Journalists From Georgia, Moldova Utilize Workshop to Bolster Reporting on Vaccines, Immunization
Note: This blog was originally published by The Thomson Reuters Foundation.
With news about coronavirus vaccines dominating headlines and misinformation spreading around the world, the Thomson Reuters Foundation – in partnership with the Sabin Vaccine Institute – launched an eight-day ‘Reporting on Immunisation and Vaccination’ programme for freelance journalists.
The online programme covered a wide range of topics – from the role of vaccines in public health, to new and emerging issues around COVID-19 vaccines, to the responsibility of the media in educating the public about vaccine and immunisation related misinformation.
Over the course of the training, the cohort of journalists were briefed by science and health experts and also received one-to-one mentoring from leading media trainers.
Below are reflections from two of the participants following their completion of the programme:
By Nina Kheladze, Georgia
We all hope that the world will soon transition into a post-pandemic era – something which, according to the experts, is largely dependent upon the global rollout of vaccines. In some countries this process has already started, and in Georgia, the vulnerable and high-risk groups are expected to receive the vaccine — ordered via the COVAX platform — early this year.
This context only emphasises the importance and relevance of the training organised by the Thomson Reuters Foundation, in partnership with the Sabin Vaccine Institute. With so many questions around vaccines and immunisation, I was delighted to be given the chance to learn more about these topics so that I could then share this information with my audience.
I learnt a lot of new things from participating in this programme, including the important role that the media plays in combatting vaccine misinformation.

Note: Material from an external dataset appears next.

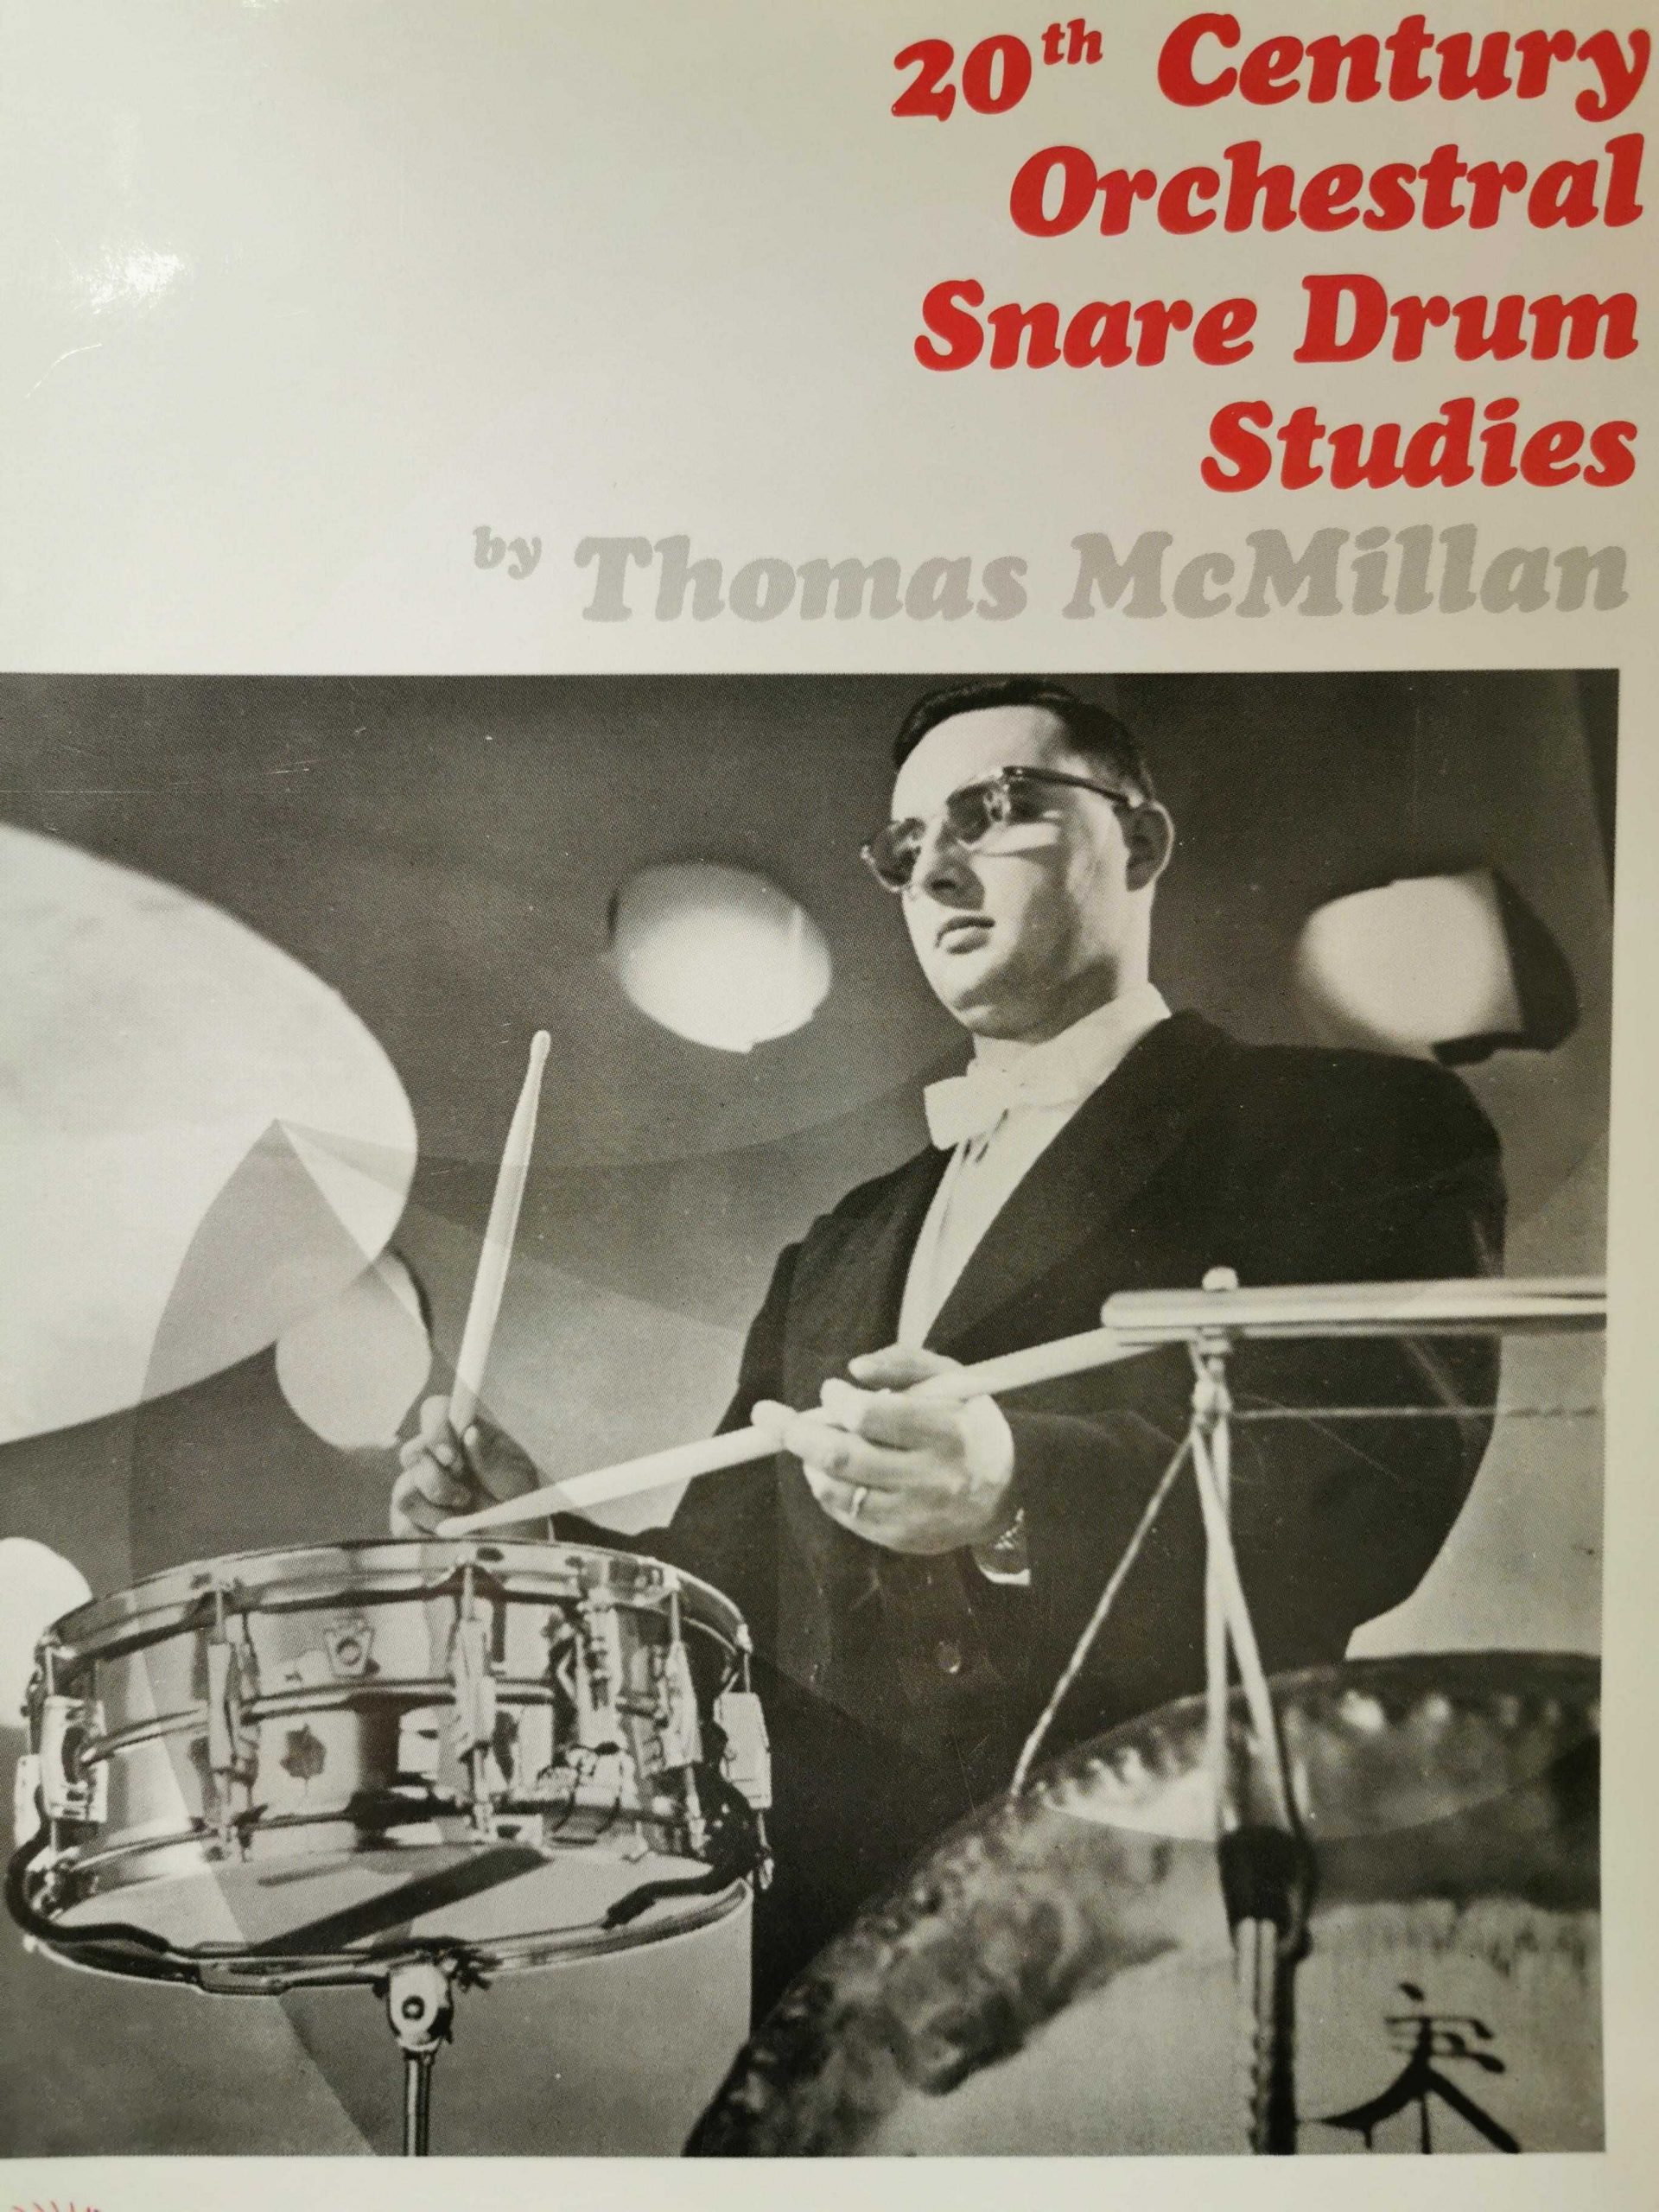 20th Century Orchestral Snare Drum Studies by Thomas McMillan
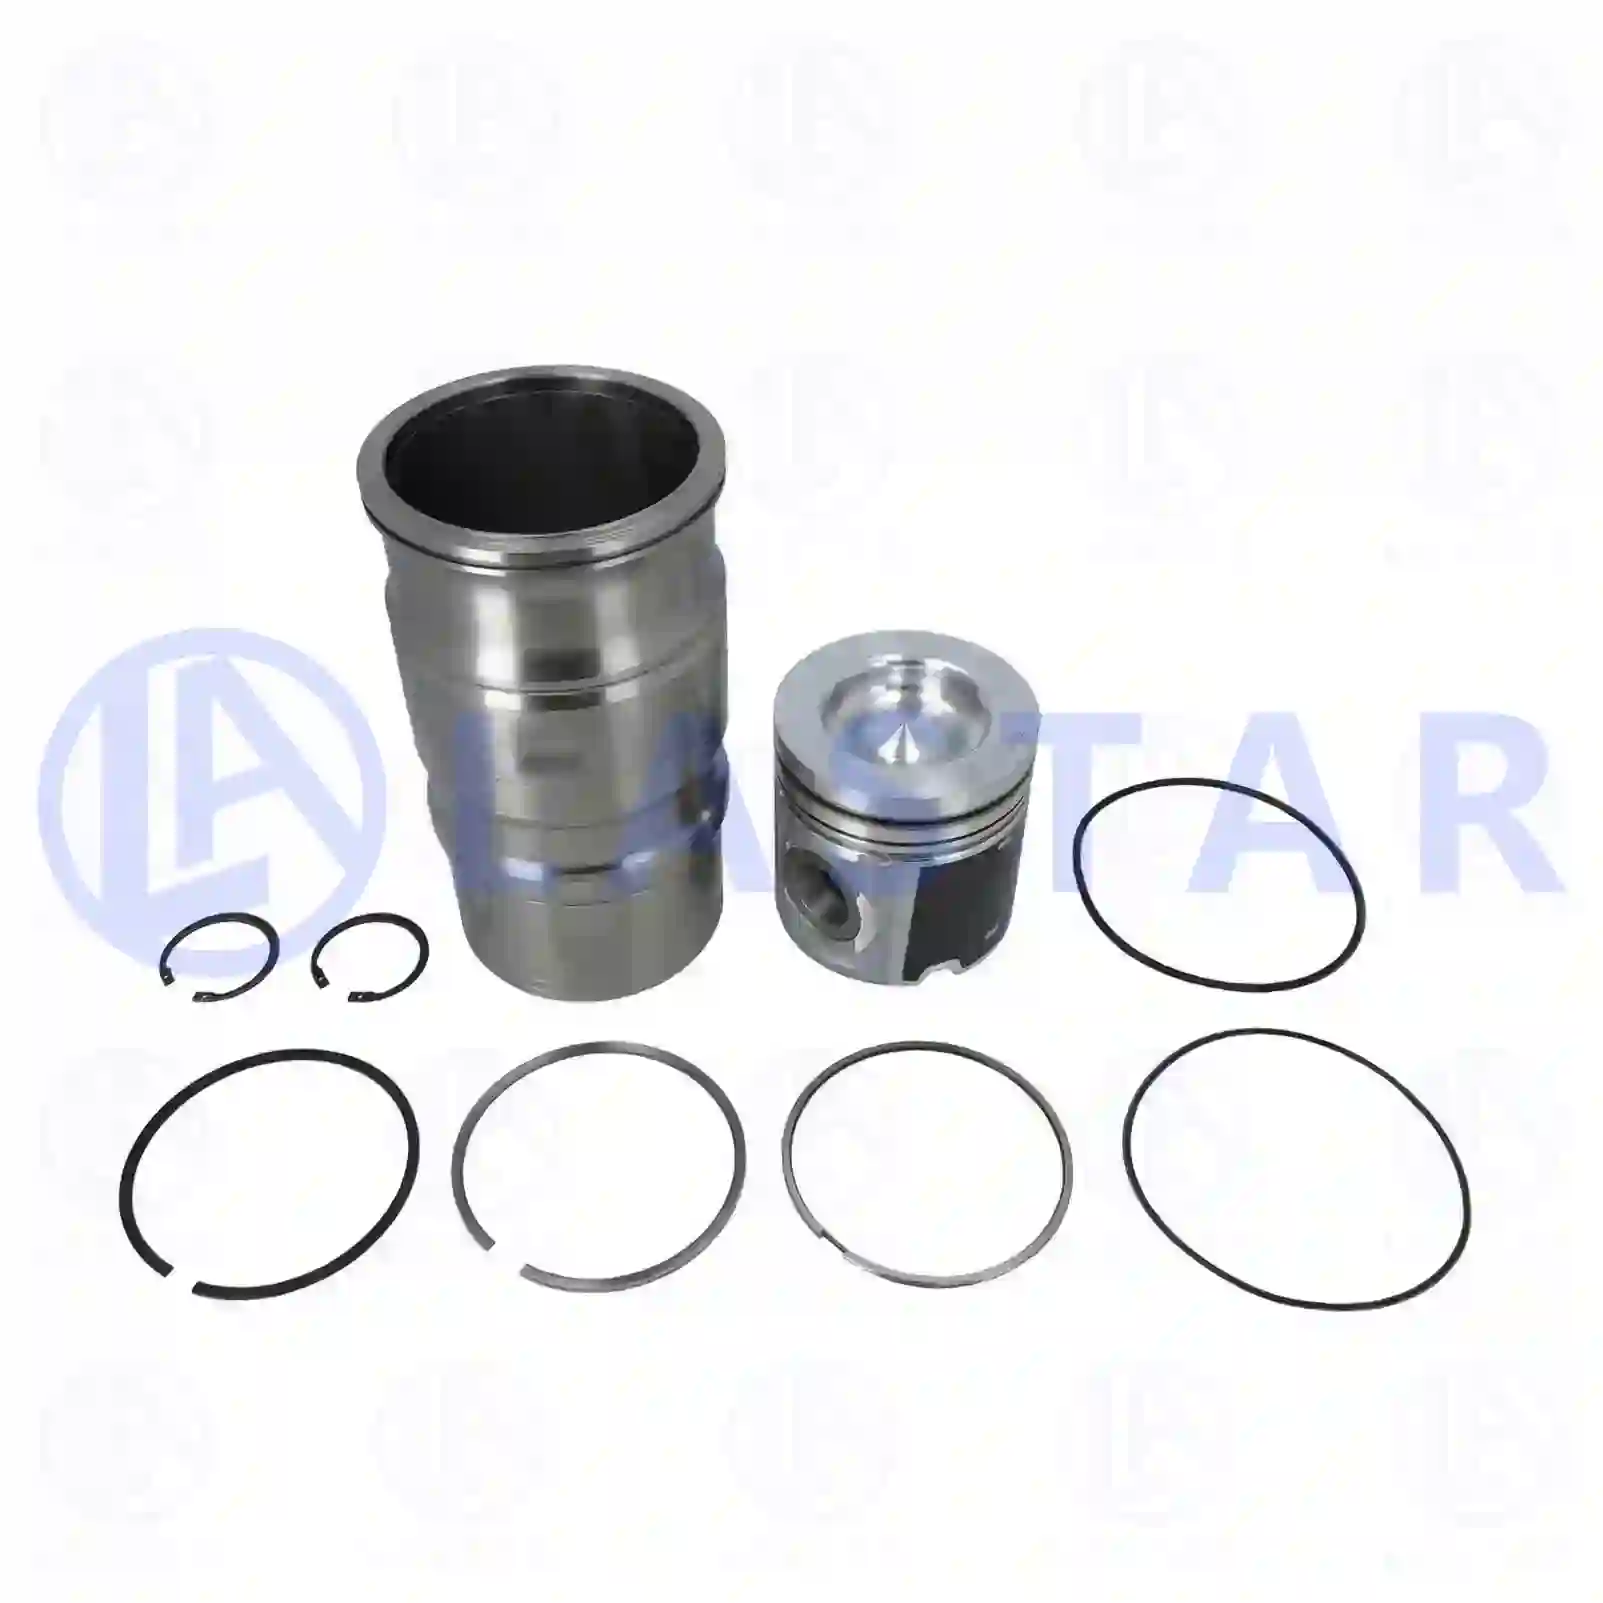 Piston with liner, 77704759, 1549776, 2040852, 2672397, 549776, 551348, 551349, 551353, 551374, ZG01896-0008 ||  77704759 Lastar Spare Part | Truck Spare Parts, Auotomotive Spare Parts Piston with liner, 77704759, 1549776, 2040852, 2672397, 549776, 551348, 551349, 551353, 551374, ZG01896-0008 ||  77704759 Lastar Spare Part | Truck Spare Parts, Auotomotive Spare Parts

We also had the opportunity to hear from experts from the World Health Organization and the Sabin Vaccine Institute — the latter of whom happened to be an excellent specialist from my home country, Georgia. I also connected with colleagues from other countries and we worked together to develop new angles for our articles.
During the training I learnt many important facts about vaccines from leading health experts, and I’m now going to use them to fight disinformation. This is what really motivated me to take part in the programme in the first place, and I am now equipped with the information to play a part in fighting the myths around vaccines that are circulating throughout society.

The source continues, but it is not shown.